Should I go inside? The good girl in me rebels against entering the place uninvited. Isn’t that technically trespassing? Is it breaking and entering if the door is open? My anger, however, silences my conscience. I want my answers. I want to know who the man I thought I loved really was.

“Turbo?” I call out as I enter the apartment and pick my way through the mess on the floor. “Are you here?” Following the muffled music into a bedroom that’s somehow even messier than the living room, the stale scent of weed has me cringing. I do indeed find headphones on the desk, the tinny noise coming from them, but no one is wearing them. Turbo really isn’t at home and I’m very much trespassing.

Not wanting to go to jail, I turn to leave when there’s a noise from the door. “Fuck. Must ‘ave left the door open ‘gain.” It’s Turbo’s voice, and he sounds drunk as hell. Shivering at the memory of Craig’s drunken slurring and the sting of the slaps that followed, I freeze momentarily. What will Turbo do if he finds me here? He always gave me those leery looks and now I’m alone with him, he’s drunk, and I’ve stupidly walked straight into his bedroom. As much as my anger made me feel powerful, I’m starting to hate angry Amy because she’s apparently too stupid to live.

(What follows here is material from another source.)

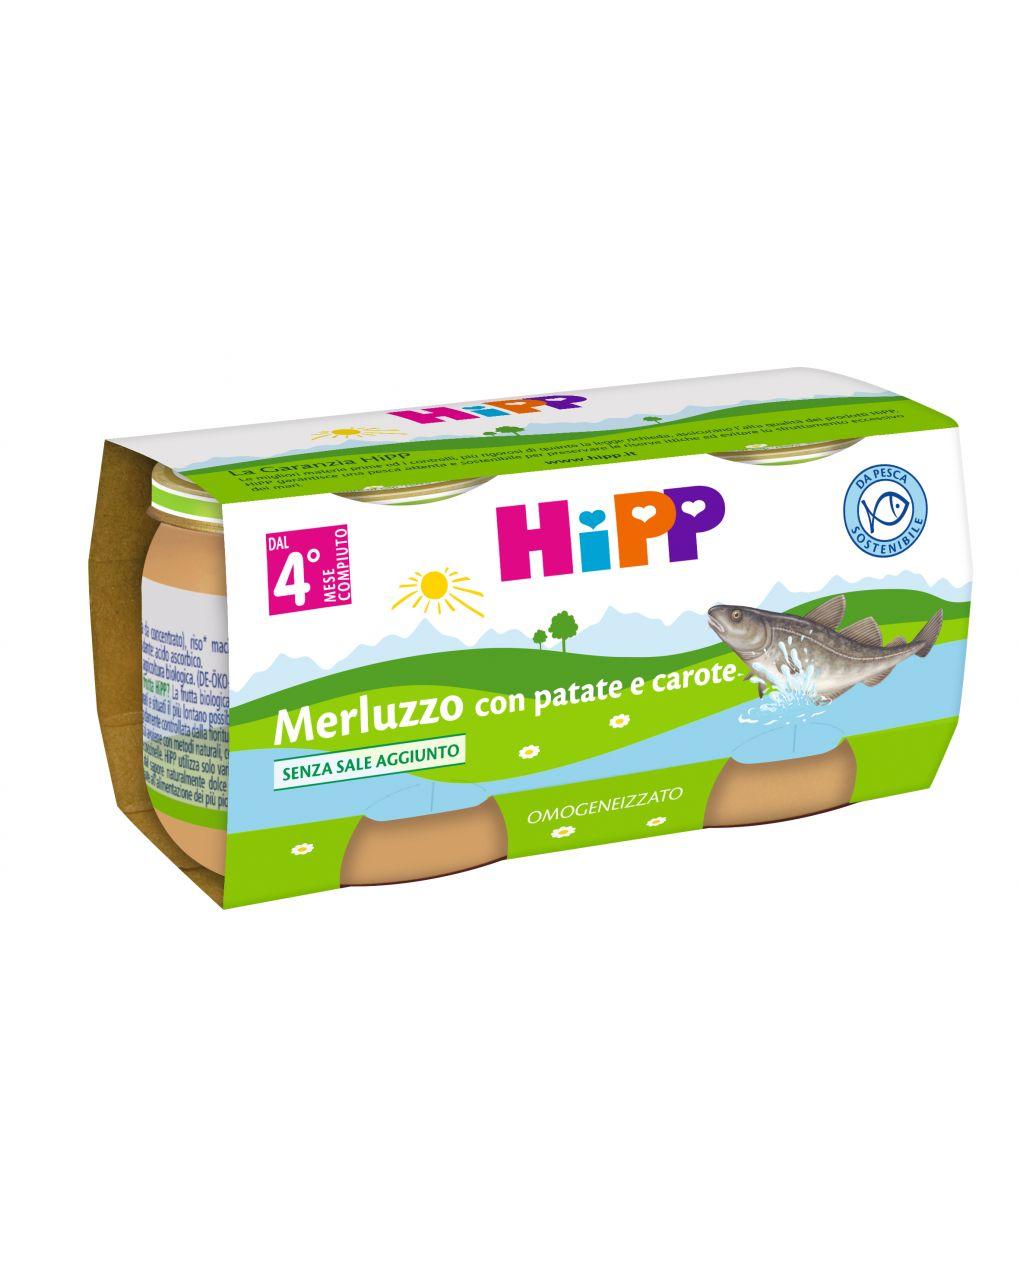 Hipp - omogeneizzato merluzzo con patate e carote 2x80g - Hipp
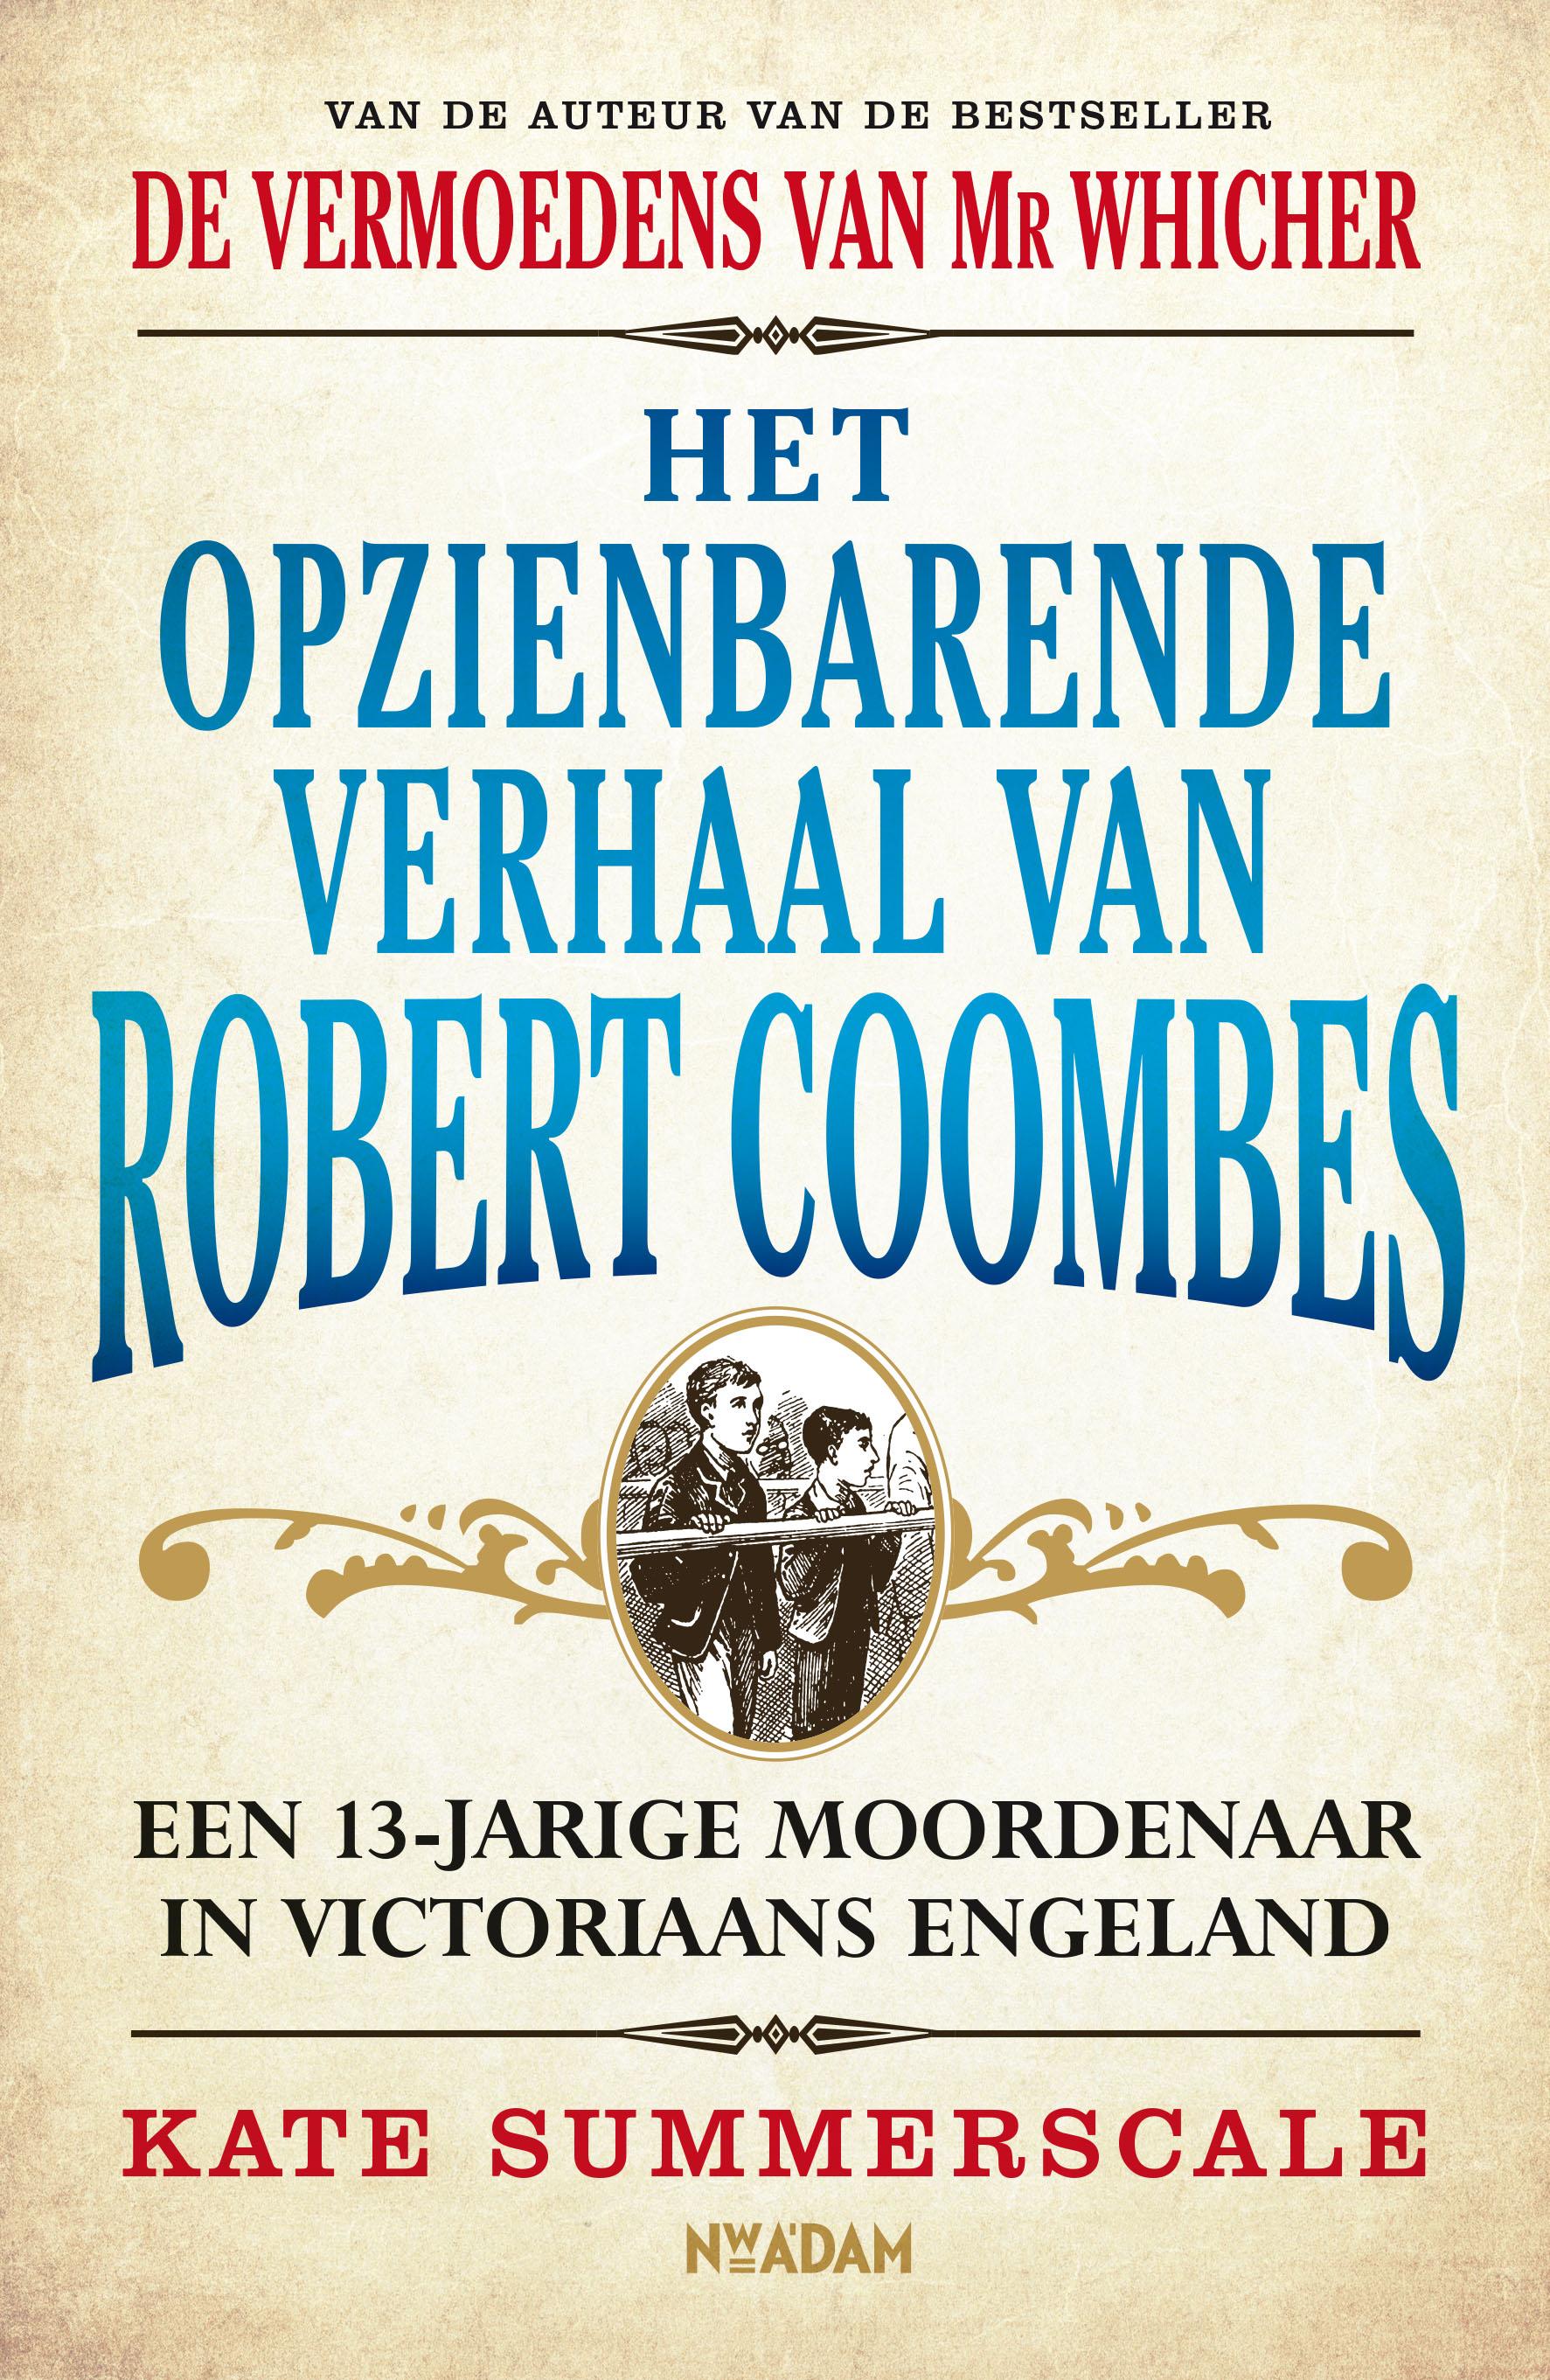 Het opzienbarende verhaal van Robert Coombes – Kate Summerscale

Suddenly, my questions aren’t important. Craig’s affairs aren’t important. All I want now is to get out of here without Turbo noticing me, which is going to be difficult since he’s currently stumbling around the living room if the clanging beer bottles are any indication.

I hear his murmuring. “Fuck. Where’s the—Ah! There. Fuck.” The couch creaks under his weight. Stalking quietly toward the bedroom door, I peek out to see him sprawled on the couch, looking at his phone. His movements are sluggish, as if he’s about to fall asleep, which would work just fine for me. All I have to do is wait and once he’s out, I can run.Seriously, what was I thinking coming here like this? It was the stupidest idea ever.

Turbo never gets to fall asleep, though, because another figure steps through the door the idiot still hasn’t closed. If this is Turbo’s regular behavior, it’s a miracle he hasn’t been robbed blind yet.

The newcomer steps inside the apartment, dropping a duffel bag on the floor before finally closing the door. At least someone has a brain here. It’s not a good thing, though. Now there are two men and a door between me and safety. I curse angry Amy again and swear to never listen to her again.

“Hello, Turbo,” the stranger says, his gravelly voice sending shivers down my spine. “It’s time we talked.”

Fuck. Fucking fuckity fuck. I normally don’t curse, but if there ever was a reason to freak out and curse, it would be this because of this voice. The absolute lack of emotion in it, save for the subtle threat, has my instincts screaming“DANGERDANGERDANGER”so loudly I almost miss Turbo’s slurred response. “The fuck, man? Who are you? Get out.”

The stranger doesn’t get out. Stepping over the beer bottles, he approaches Turbo, who’s still stupidly lying on the couch. I can only see a sliver of the living room through the gap in the bedroom door but as the stranger passes through my field of vision, I have to slap my palms over my mouth to stop myself from screaming.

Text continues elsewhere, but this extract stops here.